Supplied data:
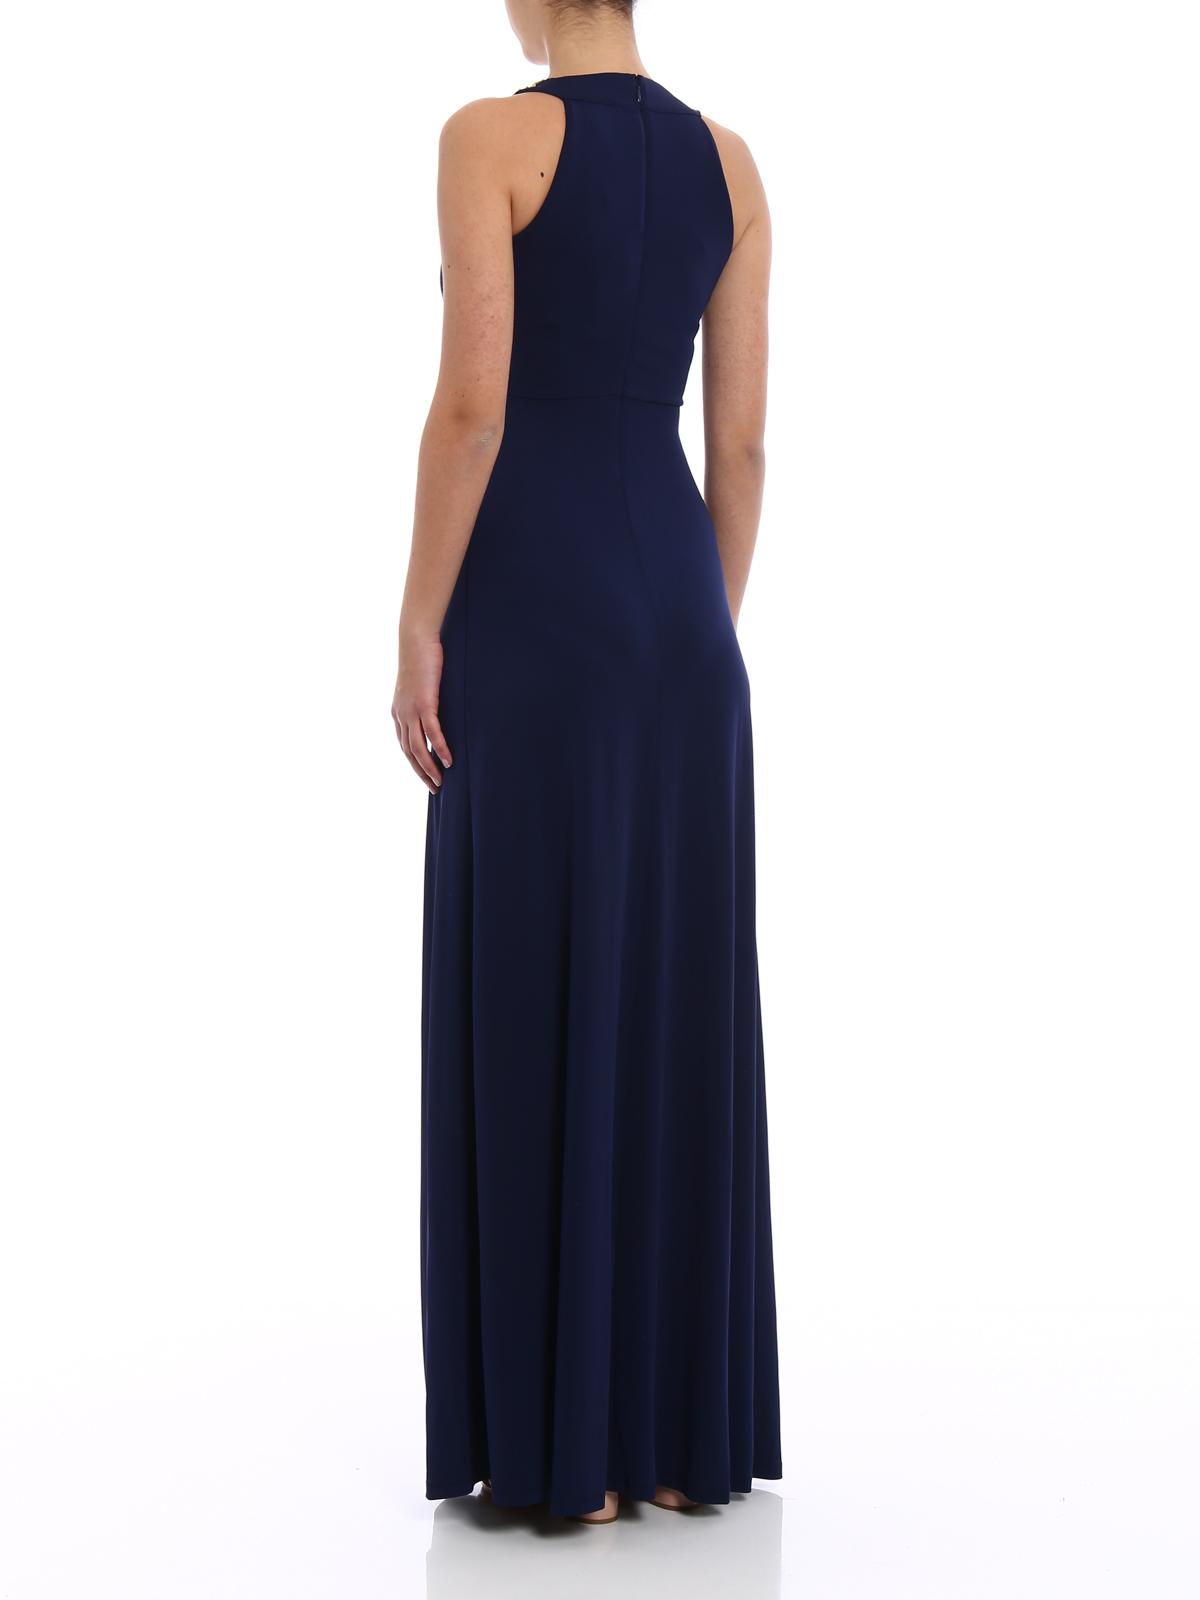 f3430e07bc Michael Kors - Abito lungo blu con drappeggio - abiti lunghi ...
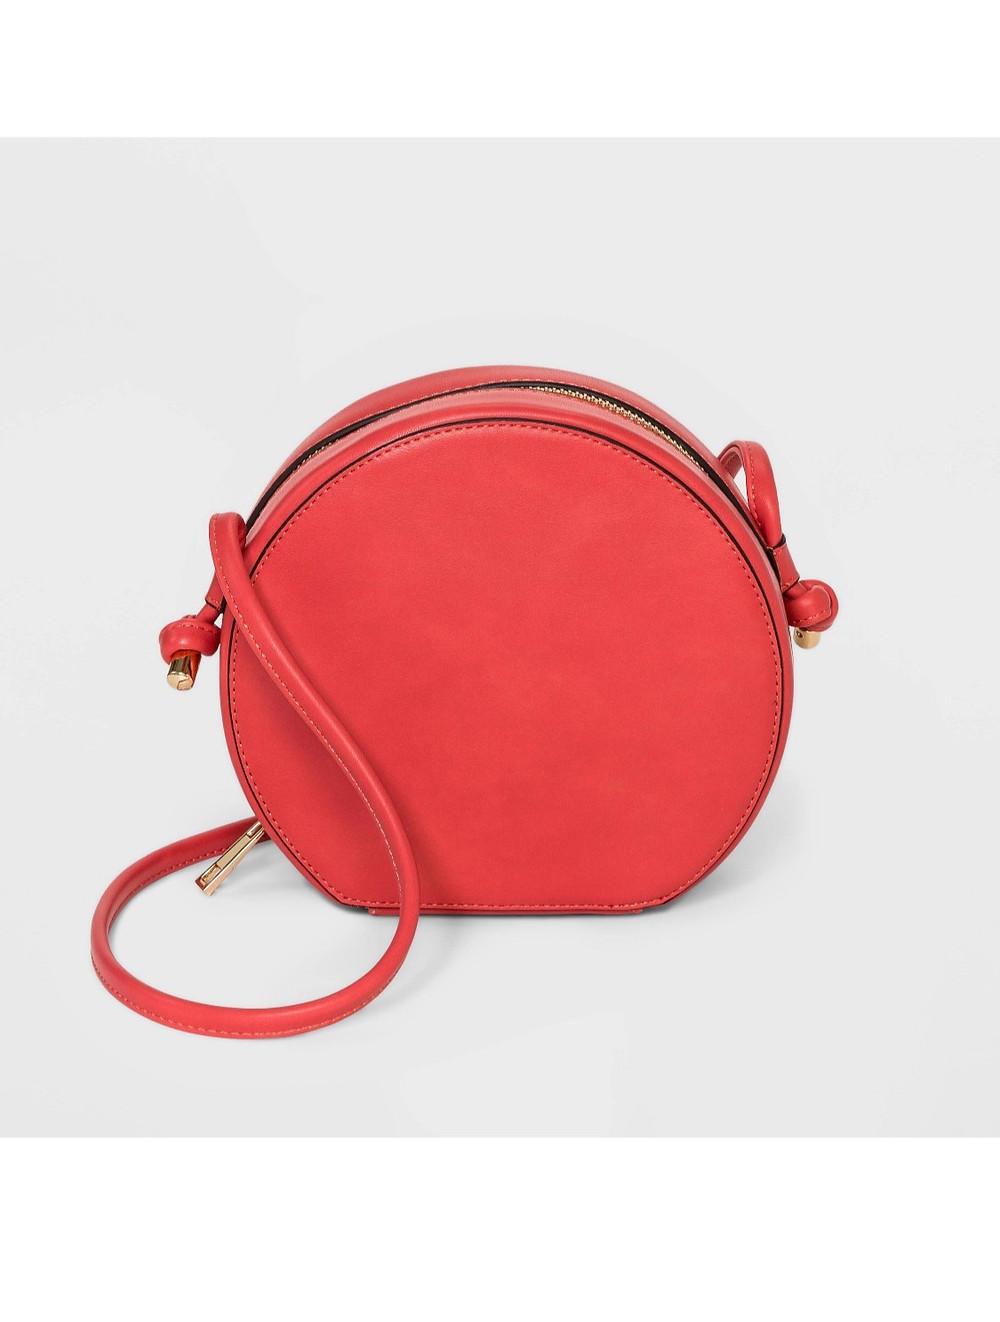 Circle shape handbag
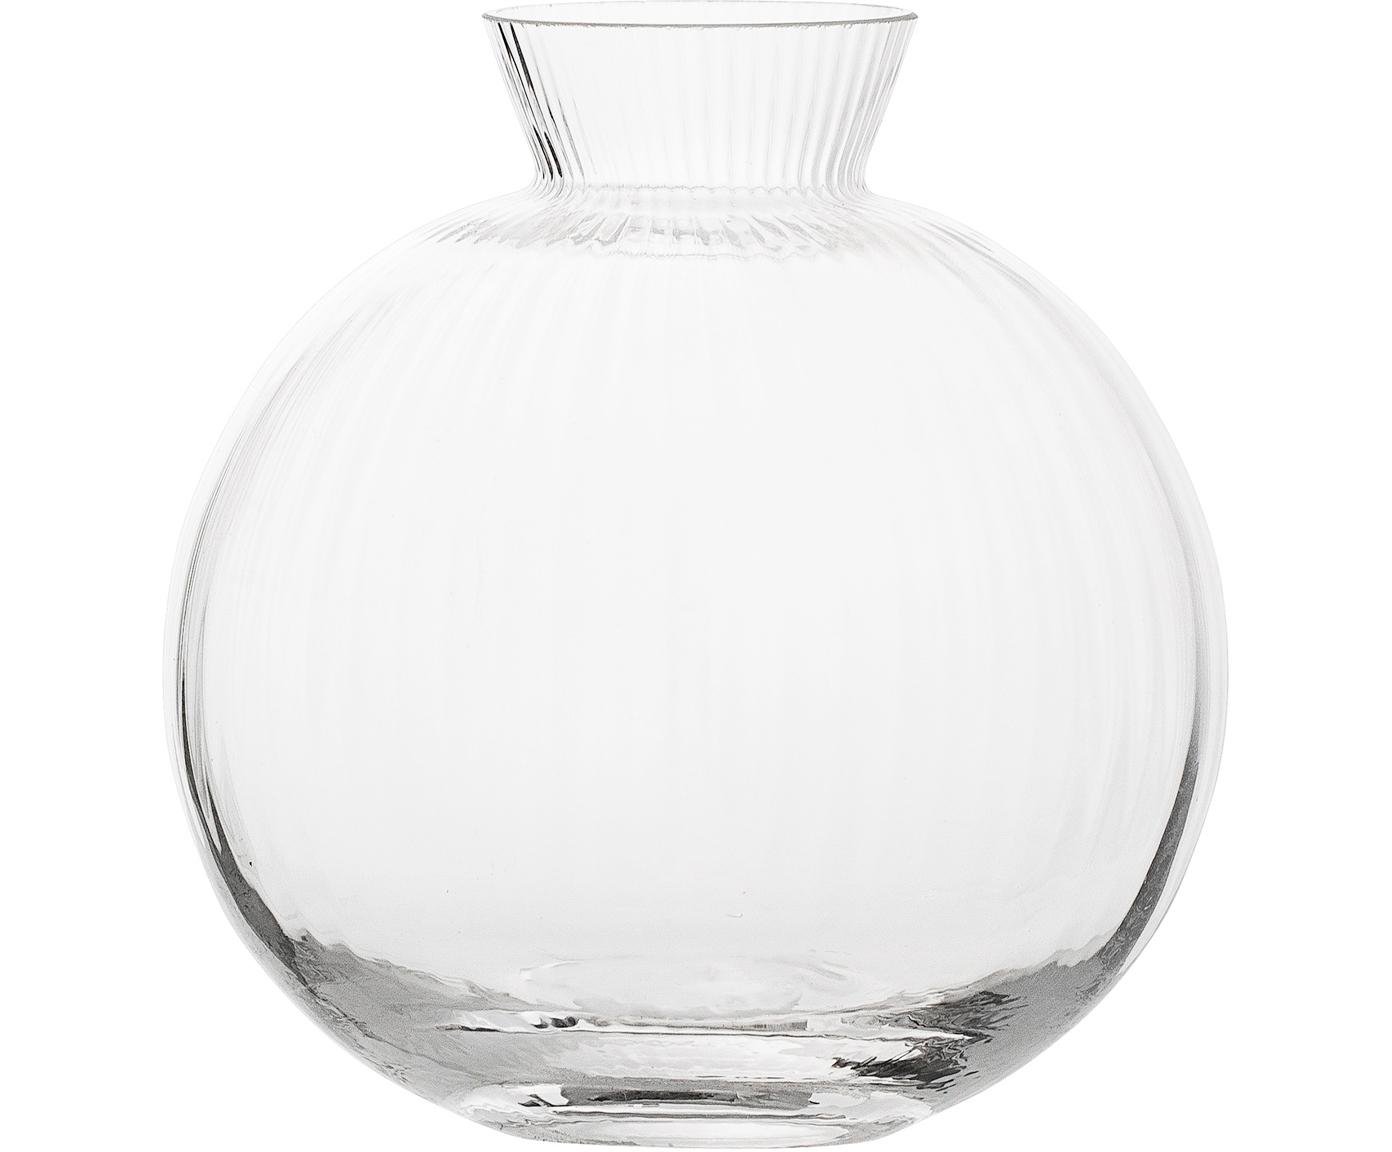 Jarrón de vidrio Visible, Vidrio, Transparente, Ø 11 x Al 12 cm

Action item:
Copy out every line of the material above exactly, skipping the pictures.

Finished exercise:
 f3430e07bc Michael Kors - Abito lungo blu con drappeggio - abiti lunghi ...
 Circle shape handbag
 Jarrón de vidrio Visible, Vidrio, Transparente, Ø 11 x Al 12 cm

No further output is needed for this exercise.